Cardiac unit saves 17% on inventory expenses
Cardiac unit saves 17% on inventory expenses
Is an asset management program in your future?
Have you considered hiring an asset manager? Setting up a system costs big bucks at the outset, but can save equally big down the road. Children's Medical Center of Dallas, a trauma Level 1 facility, implemented an asset management program for its cardiology department a couple of years ago. Now the 250-bed facility is showing savings of about 17% annually on service agreements.
Tracking the costs associated with expensive equipment and systems is a daunting burden. Your facility's machines are probably deployed throughout the institution and under the auspices of various staff. Keeping on top of leases, license terms, usage constraints, and maintenance schedules can be frustrating. Without an asset management program, you may be losing money because it may be difficult to verify whether vendors are honoring the terms you agreed upon or whether you are being invoiced correctly. You may even be paying for hardware that's no longer on the floor.
Spend money to make money
For about $100,000 for software, "you can set up a repository tool that will save at least that much in less than a year," says Larry Shoup, president of Janus Technologies, a software firm in Pittsburgh specializing in the management of information technology assets. (See article by Shoup outlining advantages of an asset management program, p. 77.)
Stephan Moore, operations director of cardiothoracic services at Children's, says that asset management can be compared to buying an insurance plan for your equipment. "We maintain our existing relationship with the vendors that take care of our equipment, but we know in advance what our annual outlay of dollars is," he says.
Children's contracts with R.P. Kincheloe Co. in Dallas, and Kincheloe subcontracts with the vendors. (See contact information for this and other asset management companies, below.) "Our contract has worked out well," says Moore.

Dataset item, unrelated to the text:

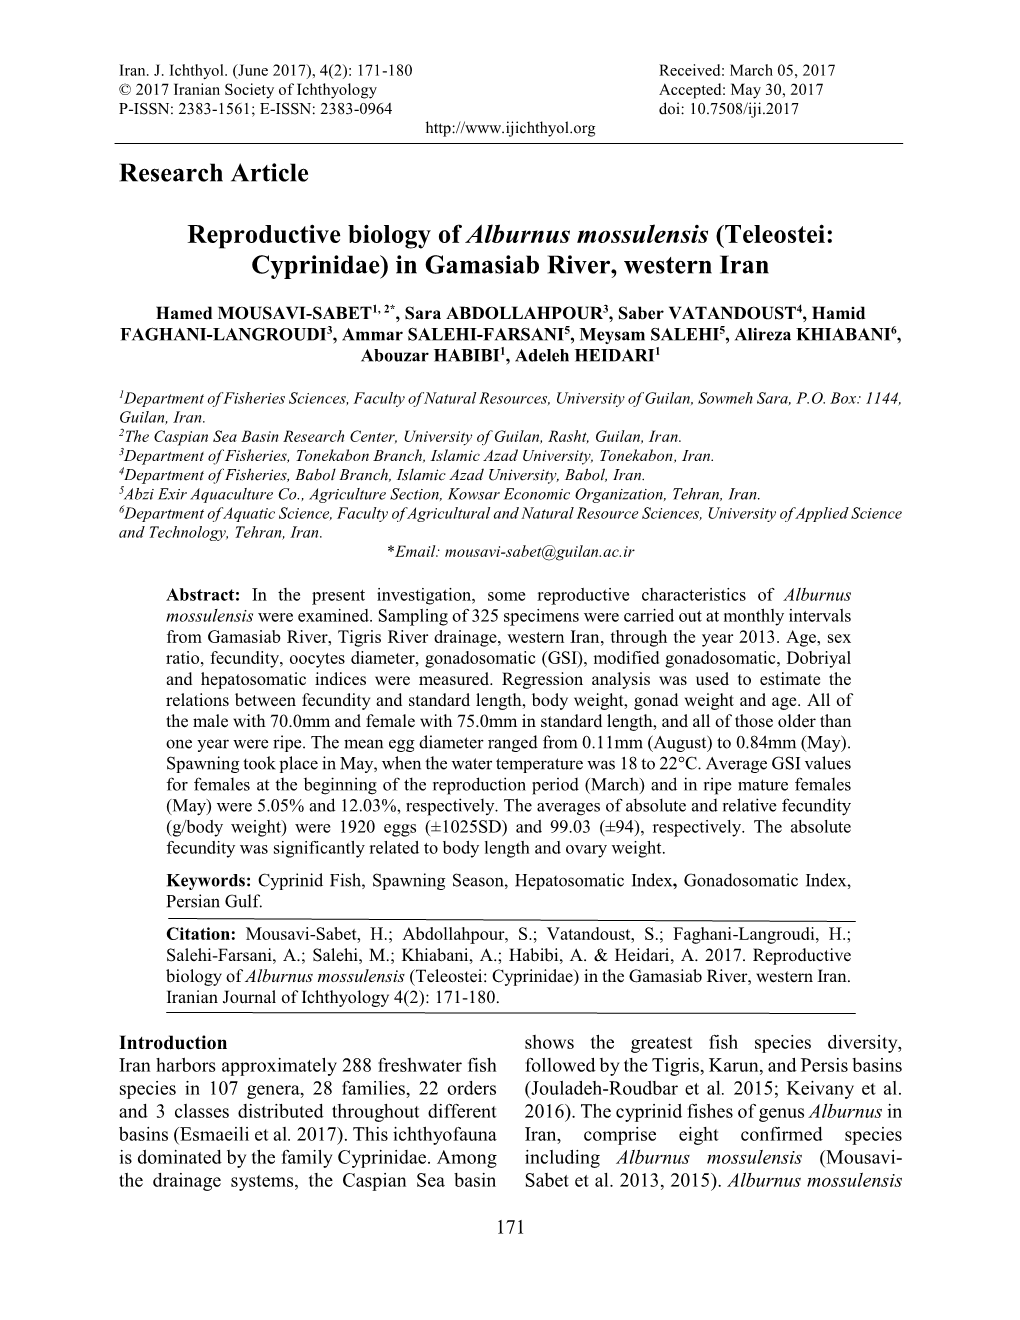 Research Article Reproductive Biology of Alburnus Mossulensis
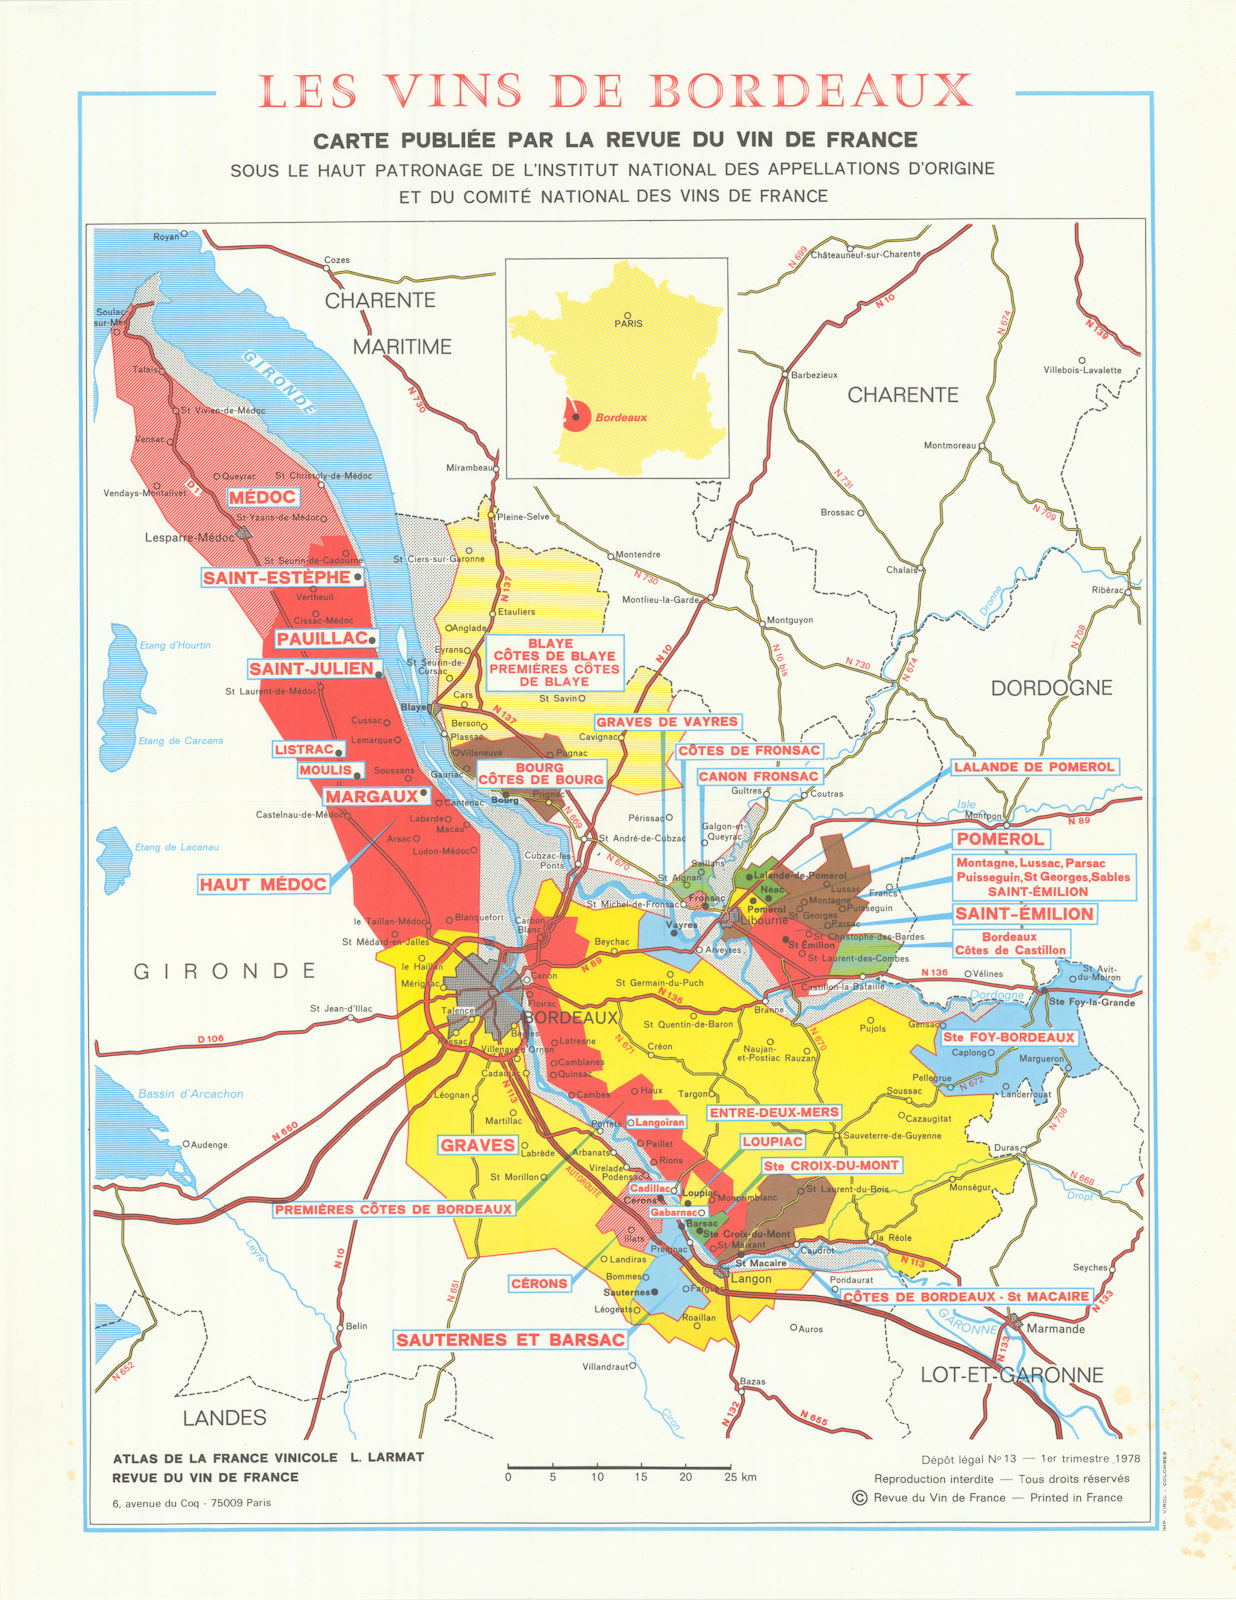 Les Vins de Bordeaux wine map. LARMAT / La Revue du Vin de France 1978 old

Because his facility's radiology and cardiology departments have common needs, the two departments share an asset management contract.
Rick Doan is Kincheloe's asset manager, and he is responsible for triaging equipment troubles at Children's. He works on-site and coordinates visits from vendors, "so that responsibility is taken off management," says Moore. For a facility the size of Children's, a minimum contract of $500,000 is required to launch a program with a manager on-site.
"Asset managers have the expertise to exert leverage and negotiate better pricing arrangements with manufacturers than we could on our own," says Moore. "And the arrangement gives us a fixed cost on a piece of equipment per year - an expense we can count on."
Asset managers want to keep equipment in as good condition as possible, and they make sure vendors who come in to repair the equipment do what they should. They encourage the use of refurbished parts if they're just as good as new.
"I try to save the customer as much money as I can," says Doan. He is able to make sure the vendors perform preventive maintenance on the equipment when scheduled because he keeps track of when the maintenance is due and monitors service histories.
Overcome resistance
Physicians often are initially resistant to instituting an asset management project. Large equipment manufacturers can lose money when a hospital employs an asset manager because the manufacturers can't strike as good a deal with the managers as they can with a hospital directly. The companies sometimes warn physicians away from asset management by telling them the service may not be as good as when no middleman is involved.
"That's not been our experience," says Moore. "The equipment has been running fine. In fact, our service through our asset manager has been better than that we'd been getting from the vendors, probably due to the responsiveness of our on-site rep."
Cost Management in Cardiac Care asked Moore how Children's overcame resistance from its physicians: "We discussed the importance of cost savings with them," he says, "and pointed out that if we didn't reduce our costs there, we'd have to reduce them somewhere else." Moore's team asks physicians to give them feedback if the system isn't working.
"We're a small pediatric facility," he says, "and we have a close working relationship with our physicians, so trust has built over the years."